=== PROVIDED MATERIAL ===
*** Begin section ***
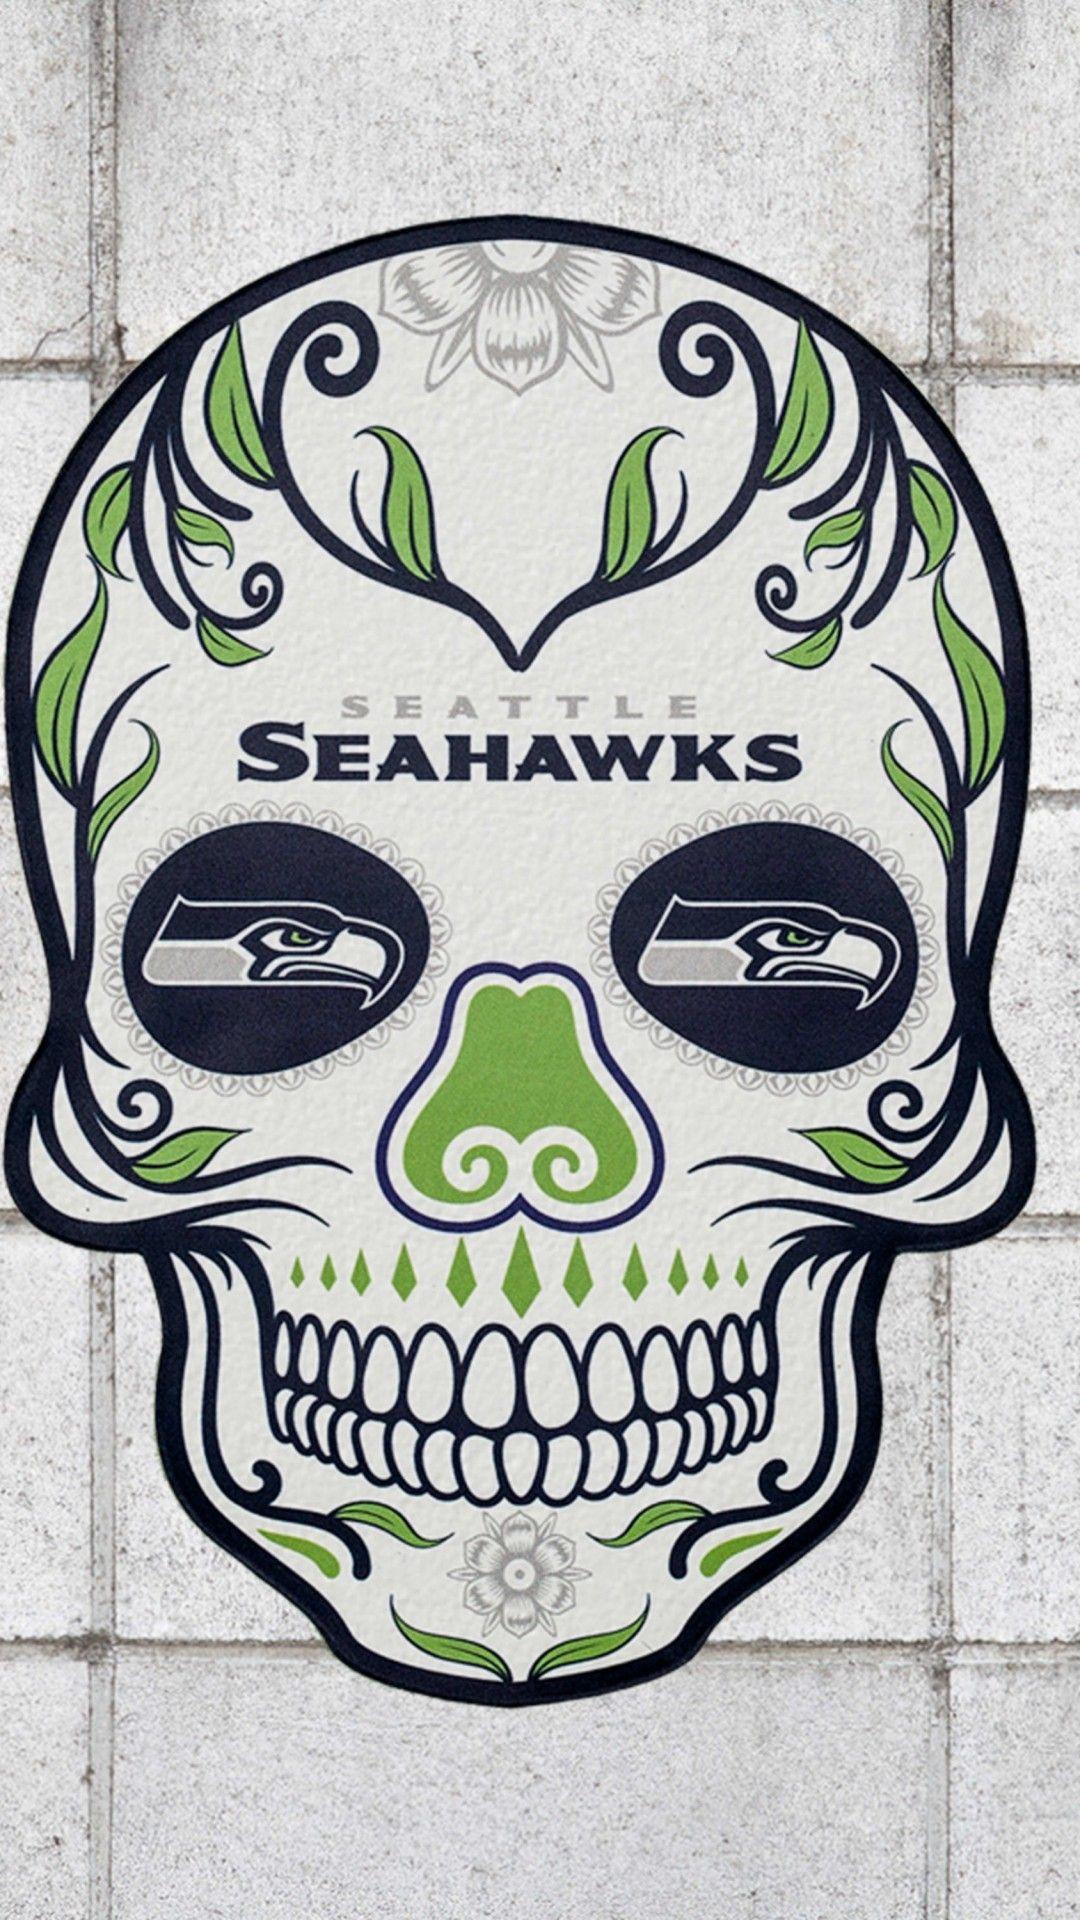 Seahawks Logo - Download 1080x1920 Seahawks Logo, American Football Wallpapers for ...
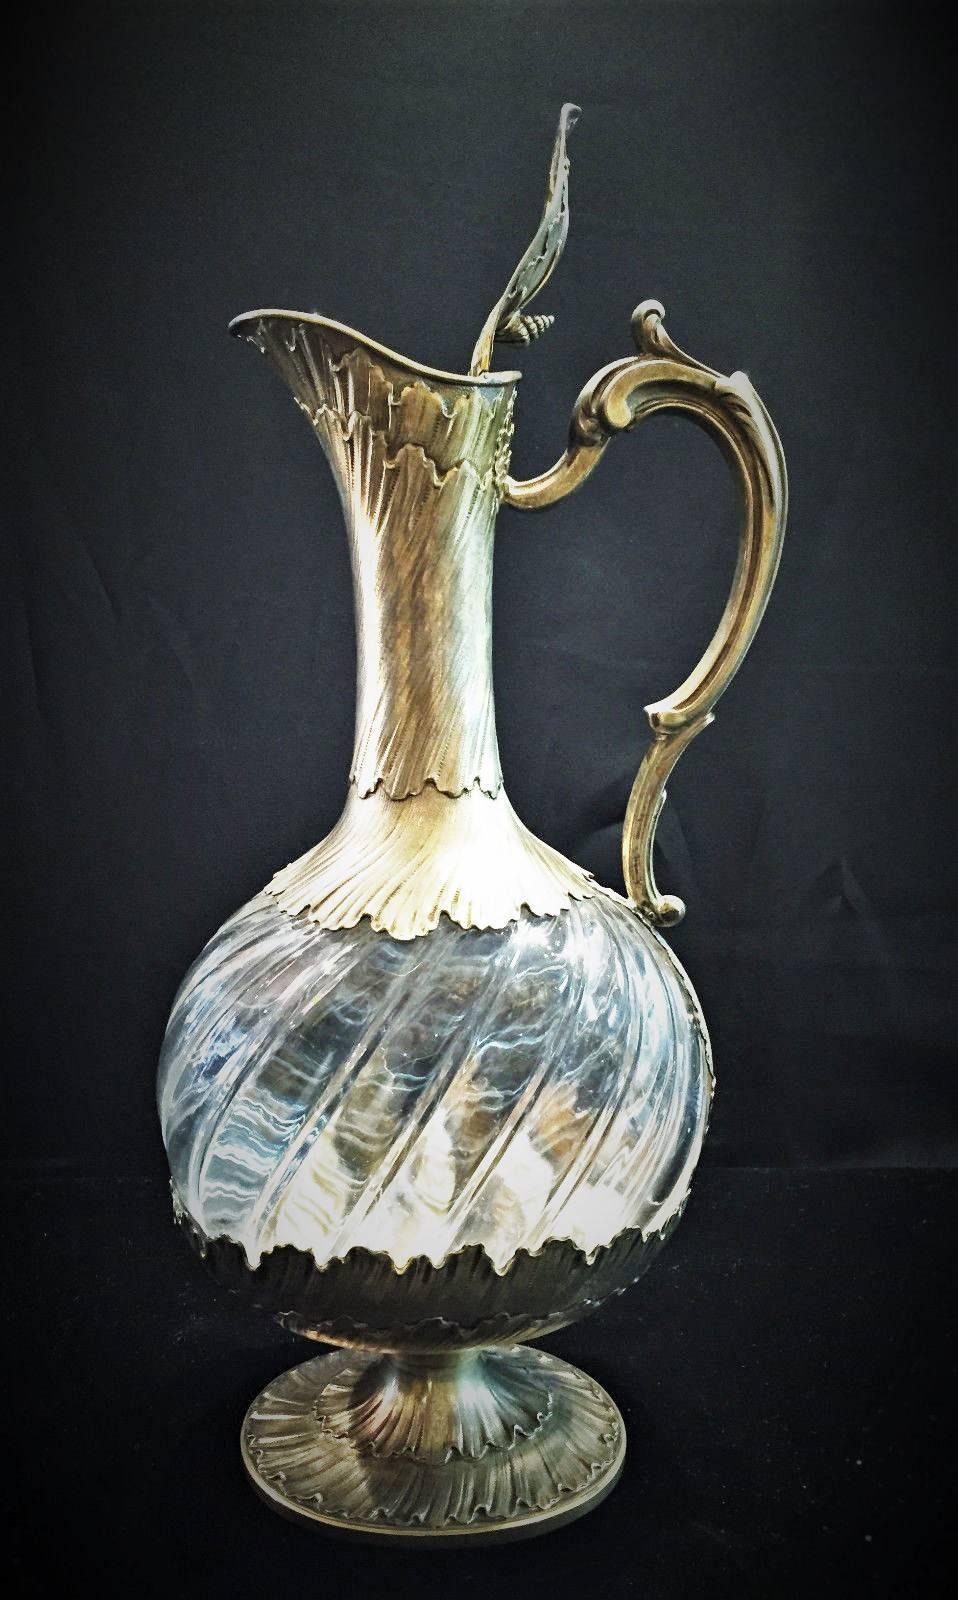 Made in Paris by Maison Odiot circa 1900, this .950 silver-gilt mounted rock crystal claret jug is an extraordinary example of the unique skills of their artisans. What makes it extraordinary is the outstanding design and composition, where the rock
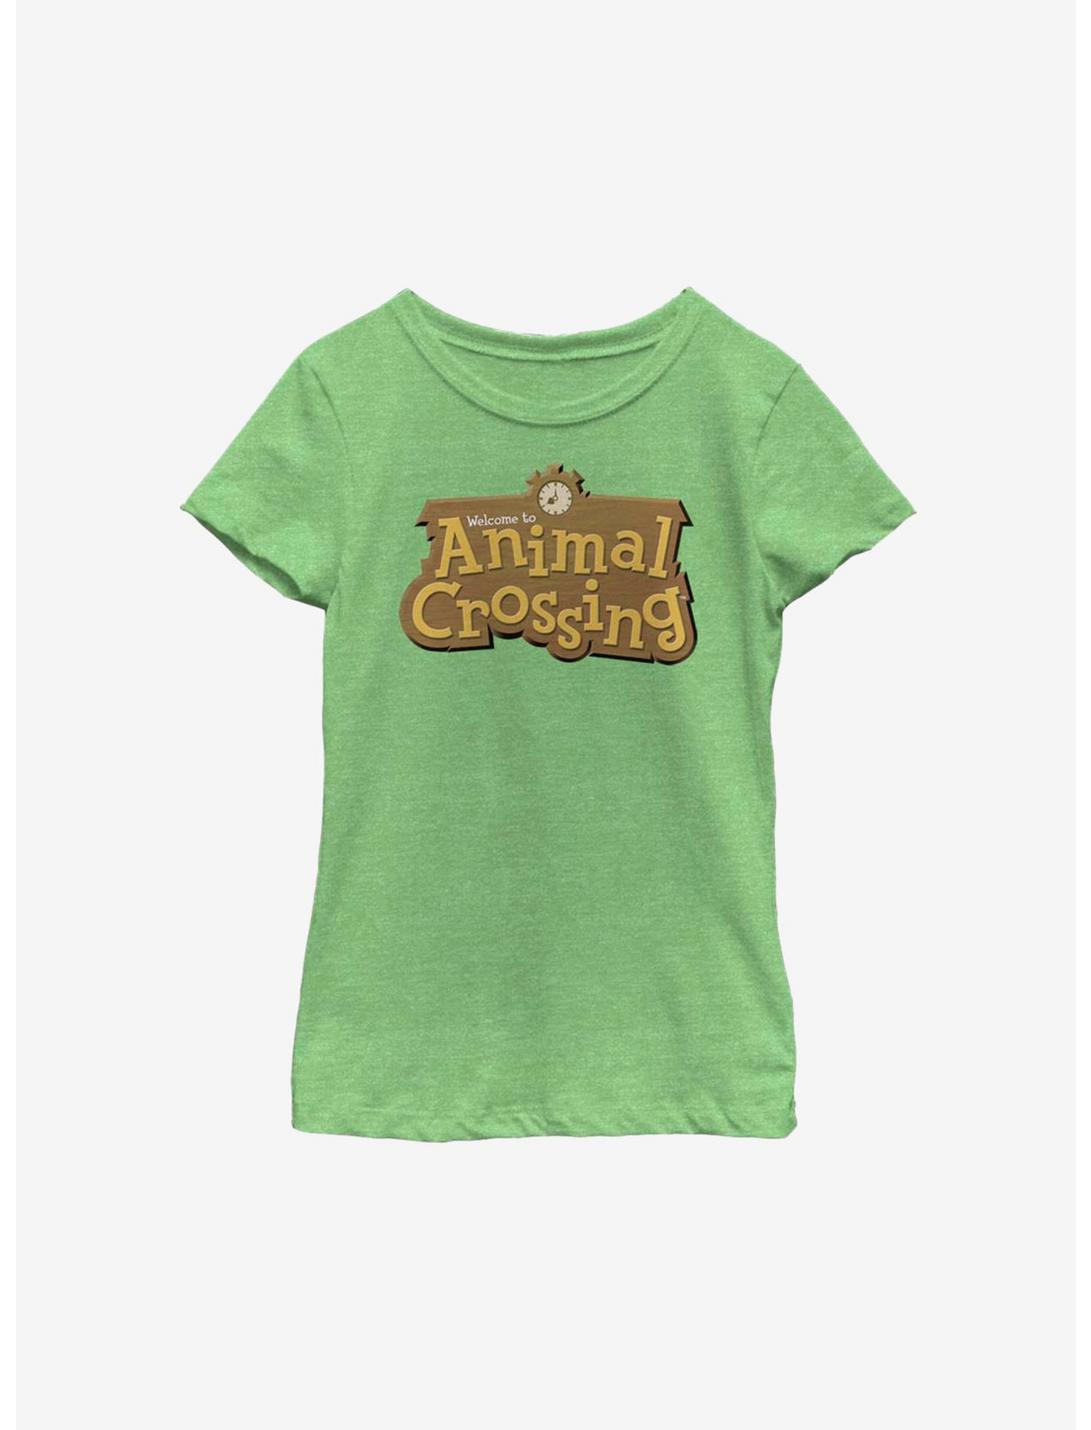 Animal Crossing Classic Welcome Sign Youth Girls T-Shirt, GREEN APPLE, hi-res
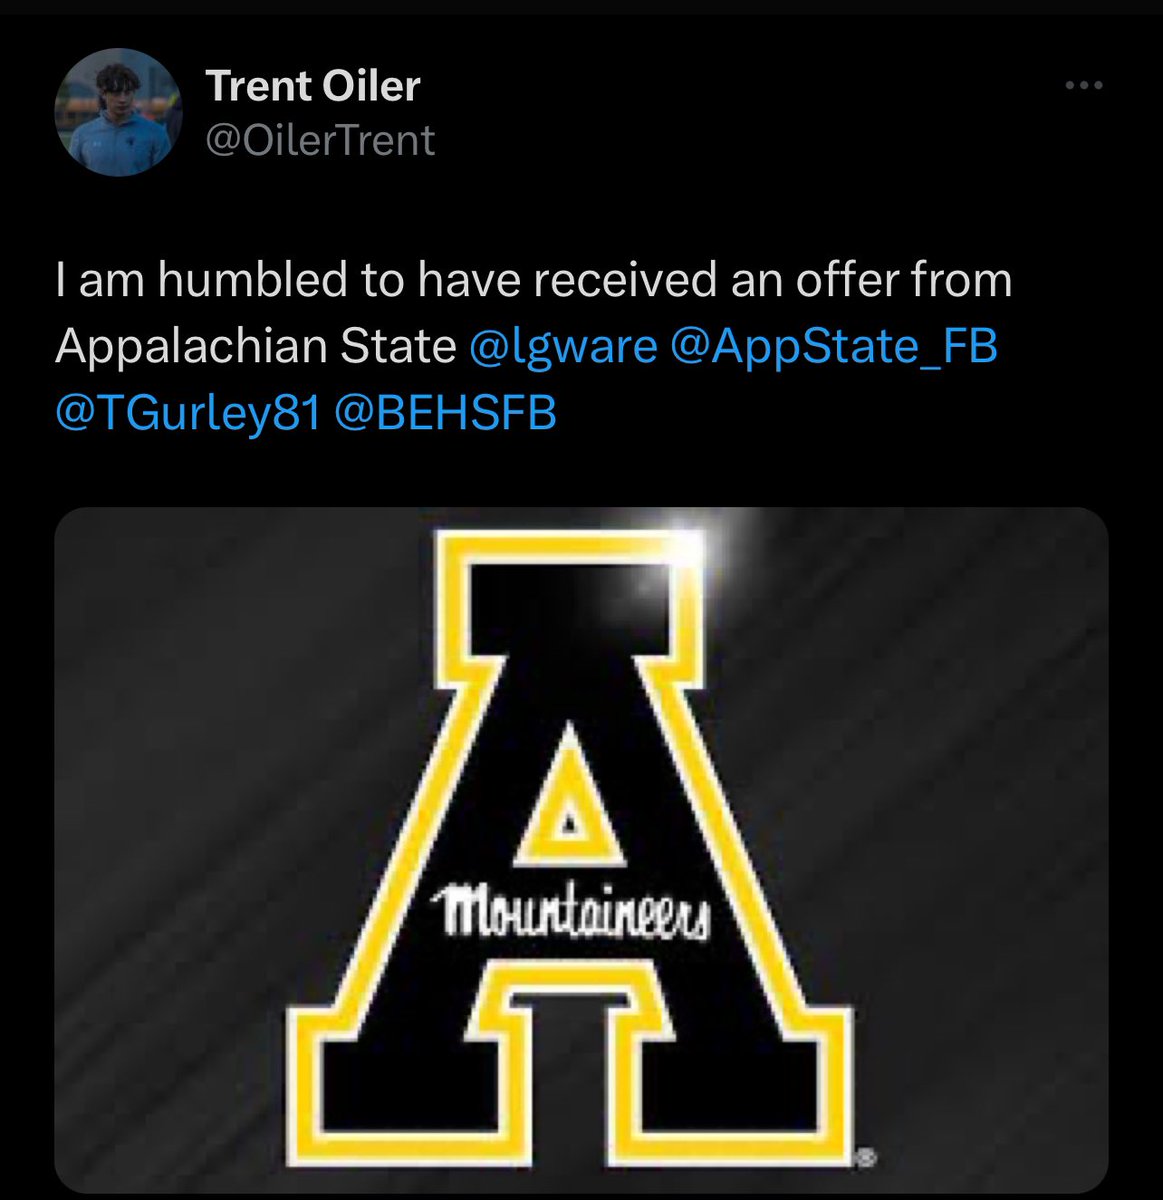 Congrats @OilerTrent on the @AppState_FB offer!!! We get #offers & #results at Torigurley.com Sign Up Now
*** End section ***
=== WHAT YOU ARE ASKED TO DO ===
Find the line that contains "Made in Paris". Copy it and every line after it through the end of the listing exactly, but not the pictures.

=== RESULT OF THE EXERCISE ===
 Made in Paris by Maison Odiot circa 1900, this .950 silver-gilt mounted rock crystal claret jug is an extraordinary example of the unique skills of their artisans. What makes it extraordinary is the outstanding design and composition, where the rock
 Animal Crossing Classic Welcome Sign Youth Girls T-Shirt, GREEN APPLE, hi-res
 Congrats @OilerTrent on the @AppState_FB offer!!! We get #offers & #results at Torigurley.com Sign Up Now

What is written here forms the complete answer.